El desmoronamiento del canal coincidió con la pandemia y el cierre temporal de la feria, por orden del intendente de Juntos por el Cambio, Rubén Dagum. “Desde que asumió intenté hablar con él, pero nunca pude; me mandaron a hablar con el Secretario de Gobierno. Nunca le dieron importancia a la feria e hicieron todo por cerrarla, porque no se preocupan por la situación de la gente”, apuntó Oliva, quien logró organizar la feria franca en acuerdo con el jefe comunal anterior, Adrián Scorza, quien ahora es legislador provincial por el partido Hacemos Córdoba, del gobernador, Juan Schiaretti. 

La feria logró reabrir luego de varios meses, pero Oliva explica que tuvo que permitir un cambio en el reglamento para que los quinteros revendan verduras que llegan desde los mercados de abasto de Mendoza y Córdoba, porque las hectáreas continúan sin el canal de riego. “Los intermediarios encarecen todo, quedamos a su merced”, lamenta el impulsor de la feria local por la interrupción de un proceso de construcción de un espacio de alimentos locales y a precios justos. 

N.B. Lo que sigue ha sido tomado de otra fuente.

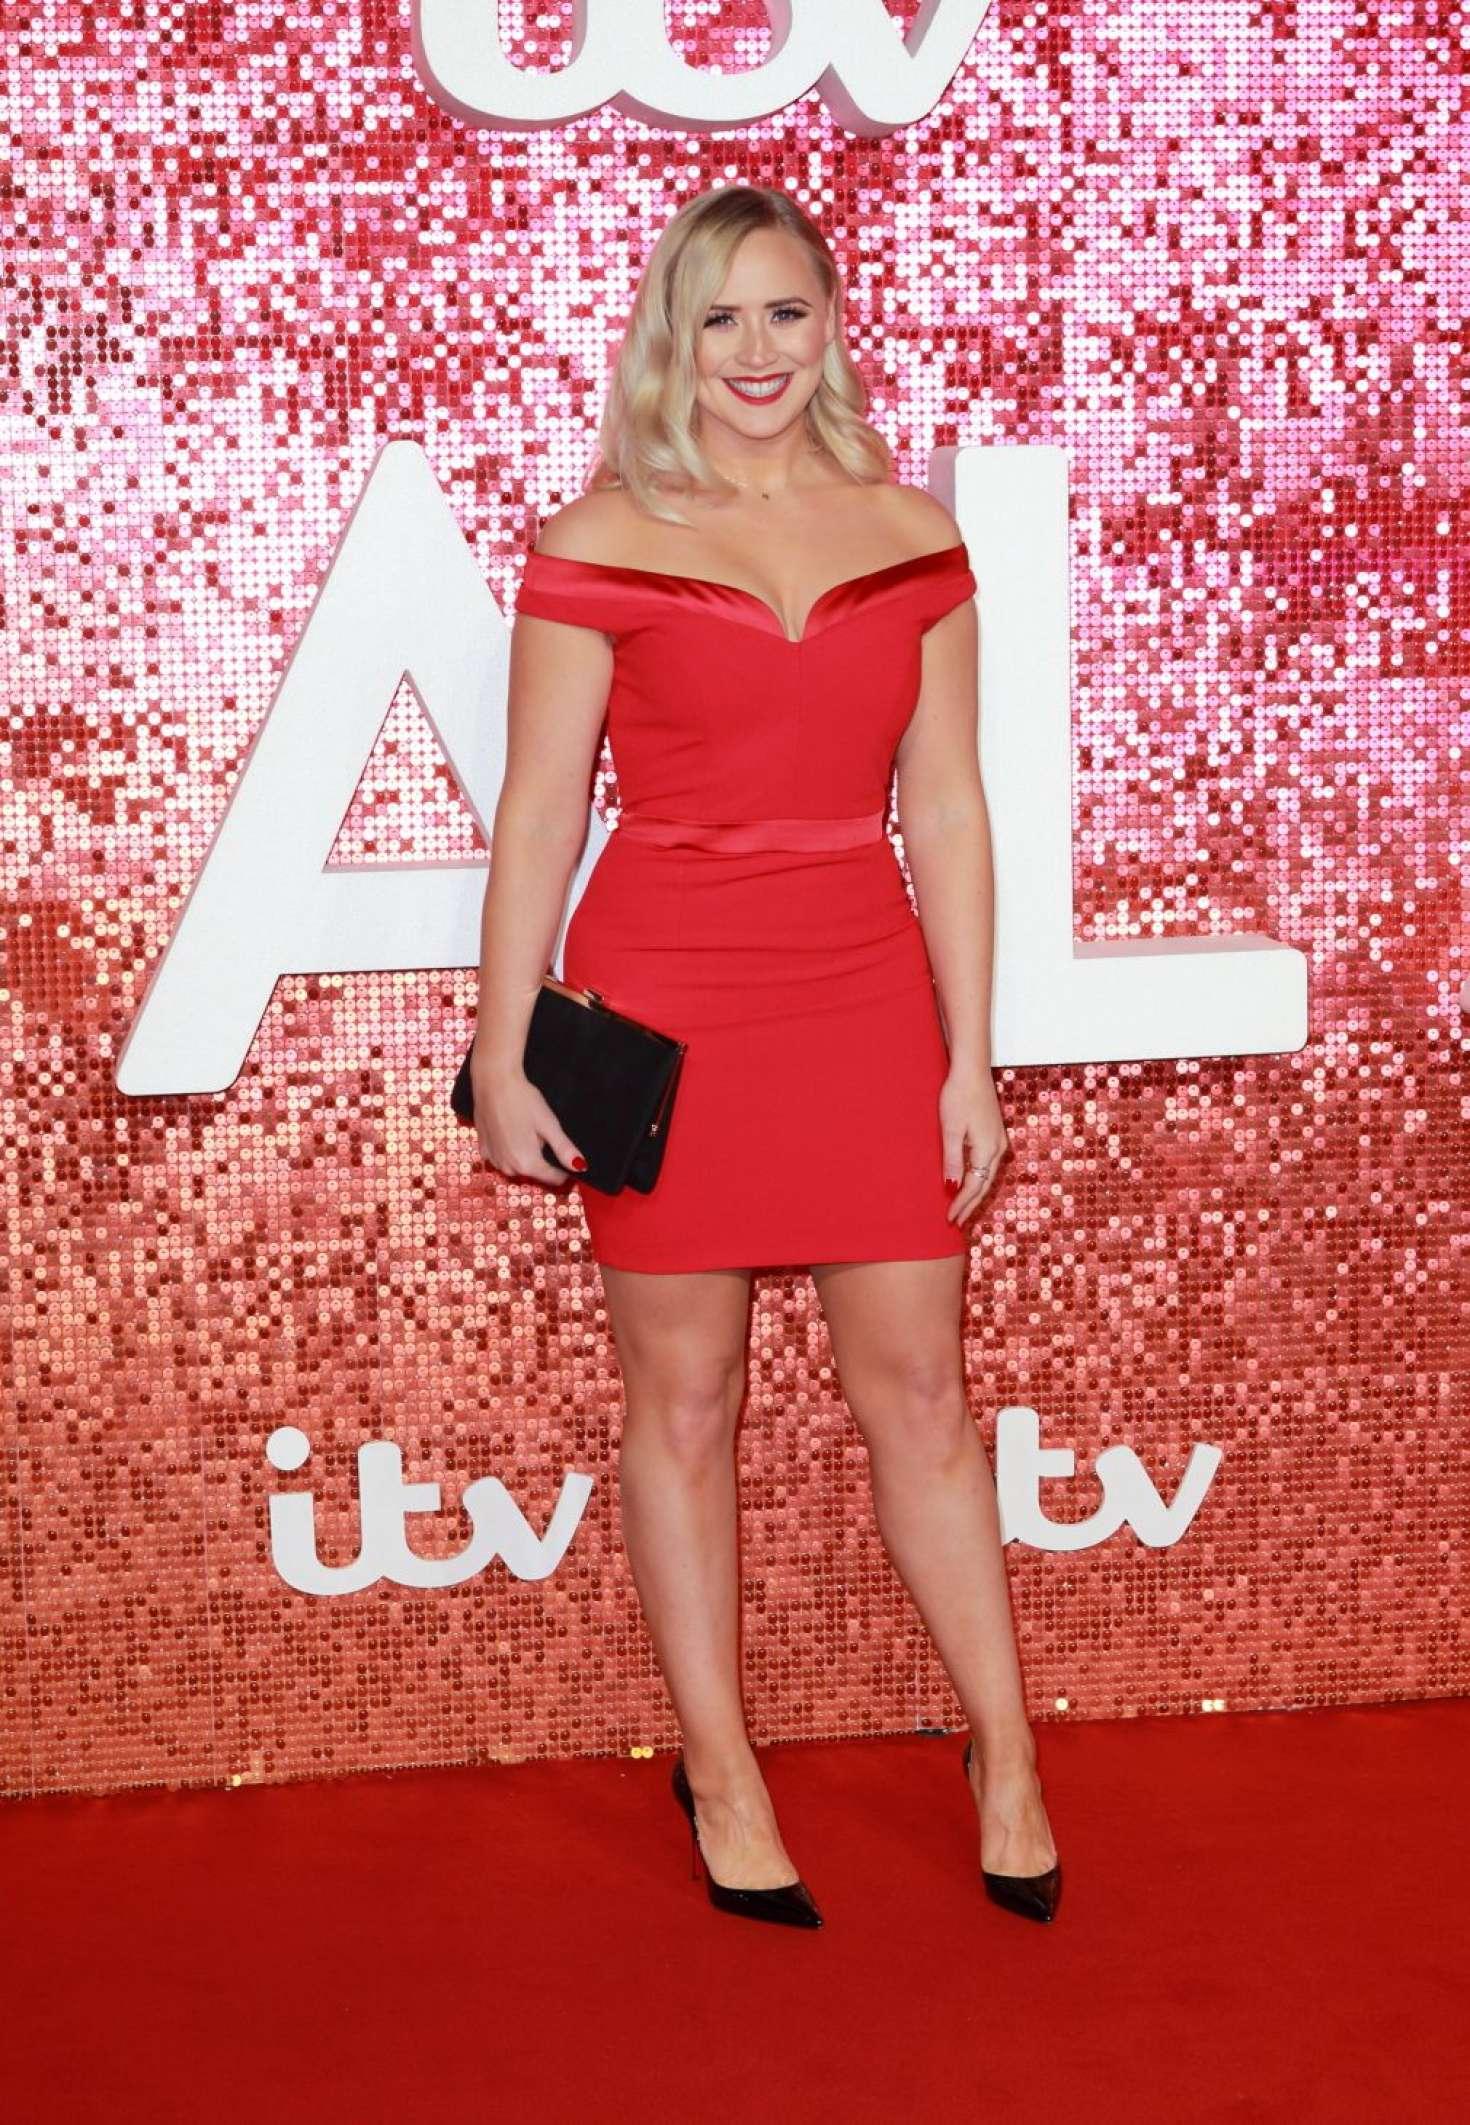 Amy Walsh 2017 : Amy Walsh: 2017 ITV Gala Ball -06

El Municipio se desentendió de la reparación del canal obstruido y, a través de Scorza, se consiguió la intervención del gobierno provincial. “Prometieron que lo iban a tener reparado para Navidad, pero aún sigue sin terminarse”, lamenta el impulsor de la feria y pequeño productor.  La obra a cargo del gobierno provincial no se propone reconstruir el histórico “Canal Molina” sino que se realizó una nueva toma y está siendo construido sobre la superficie para volver a abastecer a los quinteros. 

“En los primeros meses intentamos reemplazar el riego con los camiones de Bomberos, pero era costoso y al ingresar a las quintas estropeaban la mitad del terreno”, señala Oliva sobre los intentos frustrados ante la inacción estatal y apunta: “Poco a poco todo se secó y los productores se quedaron sin verduras”. 

Intermediarios y comercio injusto

El impulsor de la feria franca advierte que la comercialización de verdura volvió a quedar en manos de tres distribuidores que desde antes ponían palos en la rueda a la posibilidad del abastecimiento local: “Como acá no se produce fruta, condicionan a la verdulerías: les impiden que le compren a los quinteros la verdura”. 

“La feria fue un pulmón de respiro”, asegura Oliva, quien volvió a su pueblo natal desde Europa, con el sueño de replicar lo que vio en el viejo continente como un derecho de los productores: ferias de comercio directo. Logró el espacio para la feria franca, pero su objetivo era el de lograr abrir un mercado de abastecimiento regional. 

“Hay épocas del año en la que la producción de Almafuerte sobra para abastecer al pueblo y hasta podríamos generar un mercado de abastecimiento municipal con una logística que permita a los pueblos vecinos venir a buscar la verdura o llevarla por pedido con comercialización directa con los productores. La gente de esos pueblos ya se había acostumbrado a venir todos los sábados a buscar sus verduras a la plaza, pero ahora estamos sin producción”, insistió Oliva, a la espera de que el gobierno termine la obra del histórico “Canal Molina”.